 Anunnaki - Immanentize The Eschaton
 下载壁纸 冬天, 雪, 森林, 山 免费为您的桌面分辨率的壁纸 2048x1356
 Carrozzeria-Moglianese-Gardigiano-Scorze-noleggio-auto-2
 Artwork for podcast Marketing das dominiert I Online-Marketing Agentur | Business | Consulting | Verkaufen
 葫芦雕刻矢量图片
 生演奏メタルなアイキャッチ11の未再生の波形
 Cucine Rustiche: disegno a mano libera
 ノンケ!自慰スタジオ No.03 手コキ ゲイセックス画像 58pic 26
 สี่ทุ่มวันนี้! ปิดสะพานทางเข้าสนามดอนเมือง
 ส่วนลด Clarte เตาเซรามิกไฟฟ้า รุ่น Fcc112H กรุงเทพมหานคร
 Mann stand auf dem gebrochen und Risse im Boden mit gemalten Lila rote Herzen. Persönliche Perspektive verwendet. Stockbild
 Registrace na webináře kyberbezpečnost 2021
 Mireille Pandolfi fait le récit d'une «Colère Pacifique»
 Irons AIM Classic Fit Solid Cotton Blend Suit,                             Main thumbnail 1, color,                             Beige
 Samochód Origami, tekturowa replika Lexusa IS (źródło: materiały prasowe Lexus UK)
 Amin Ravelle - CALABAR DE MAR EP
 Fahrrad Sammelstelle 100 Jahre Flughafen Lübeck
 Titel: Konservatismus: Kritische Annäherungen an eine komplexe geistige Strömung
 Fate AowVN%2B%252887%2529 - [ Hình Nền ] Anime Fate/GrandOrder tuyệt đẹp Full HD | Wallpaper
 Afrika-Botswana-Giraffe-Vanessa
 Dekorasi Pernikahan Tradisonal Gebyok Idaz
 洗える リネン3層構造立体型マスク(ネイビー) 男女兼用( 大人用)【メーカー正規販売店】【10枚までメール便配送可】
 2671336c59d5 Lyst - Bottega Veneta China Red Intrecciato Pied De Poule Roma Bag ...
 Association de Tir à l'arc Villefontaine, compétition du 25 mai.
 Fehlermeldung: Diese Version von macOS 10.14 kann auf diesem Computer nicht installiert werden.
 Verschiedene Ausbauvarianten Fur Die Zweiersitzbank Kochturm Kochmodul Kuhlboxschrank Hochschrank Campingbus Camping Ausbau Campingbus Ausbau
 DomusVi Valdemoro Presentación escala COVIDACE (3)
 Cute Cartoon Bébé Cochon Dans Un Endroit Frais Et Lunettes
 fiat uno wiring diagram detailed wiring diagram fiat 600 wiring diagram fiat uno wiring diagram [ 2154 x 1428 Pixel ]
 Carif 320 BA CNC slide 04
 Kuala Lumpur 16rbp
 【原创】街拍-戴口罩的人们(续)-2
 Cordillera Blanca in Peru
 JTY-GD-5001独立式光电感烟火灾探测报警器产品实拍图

*WORK TO COMPLETE*:
A complete, exact copy of the entries above is what is wanted.

*ANSWER SPACE*:
 Anunnaki - Immanentize The Eschaton
 下载壁纸 冬天, 雪, 森林, 山 免费为您的桌面分辨率的壁纸 2048x1356
 Carrozzeria-Moglianese-Gardigiano-Scorze-noleggio-auto-2
 Artwork for podcast Marketing das dominiert I Online-Marketing Agentur | Business | Consulting | Verkaufen
 葫芦雕刻矢量图片
 生演奏メタルなアイキャッチ11の未再生の波形
 Cucine Rustiche: disegno a mano libera
 ノンケ!自慰スタジオ No.03 手コキ ゲイセックス画像 58pic 26
 สี่ทุ่มวันนี้! ปิดสะพานทางเข้าสนามดอนเมือง
 ส่วนลด Clarte เตาเซรามิกไฟฟ้า รุ่น Fcc112H กรุงเทพมหานคร
 Mann stand auf dem gebrochen und Risse im Boden mit gemalten Lila rote Herzen. Persönliche Perspektive verwendet. Stockbild
 Registrace na webináře kyberbezpečnost 2021
 Mireille Pandolfi fait le récit d'une «Colère Pacifique»
 Irons AIM Classic Fit Solid Cotton Blend Suit,                             Main thumbnail 1, color,                             Beige
 Samochód Origami, tekturowa replika Lexusa IS (źródło: materiały prasowe Lexus UK)
 Amin Ravelle - CALABAR DE MAR EP
 Fahrrad Sammelstelle 100 Jahre Flughafen Lübeck
 Titel: Konservatismus: Kritische Annäherungen an eine komplexe geistige Strömung
 Fate AowVN%2B%252887%2529 - [ Hình Nền ] Anime Fate/GrandOrder tuyệt đẹp Full HD | Wallpaper
 Afrika-Botswana-Giraffe-Vanessa
 Dekorasi Pernikahan Tradisonal Gebyok Idaz
 洗える リネン3層構造立体型マスク(ネイビー) 男女兼用( 大人用)【メーカー正規販売店】【10枚までメール便配送可】
 2671336c59d5 Lyst - Bottega Veneta China Red Intrecciato Pied De Poule Roma Bag ...
 Association de Tir à l'arc Villefontaine, compétition du 25 mai.
 Fehlermeldung: Diese Version von macOS 10.14 kann auf diesem Computer nicht installiert werden.
 Verschiedene Ausbauvarianten Fur Die Zweiersitzbank Kochturm Kochmodul Kuhlboxschrank Hochschrank Campingbus Camping Ausbau Campingbus Ausbau
 DomusVi Valdemoro Presentación escala COVIDACE (3)
 Cute Cartoon Bébé Cochon Dans Un Endroit Frais Et Lunettes
 fiat uno wiring diagram detailed wiring diagram fiat 600 wiring diagram fiat uno wiring diagram [ 2154 x 1428 Pixel ]
 Carif 320 BA CNC slide 04
 Kuala Lumpur 16rbp
 【原创】街拍-戴口罩的人们(续)-2
 Cordillera Blanca in Peru
 JTY-GD-5001独立式光电感烟火灾探测报警器产品实拍图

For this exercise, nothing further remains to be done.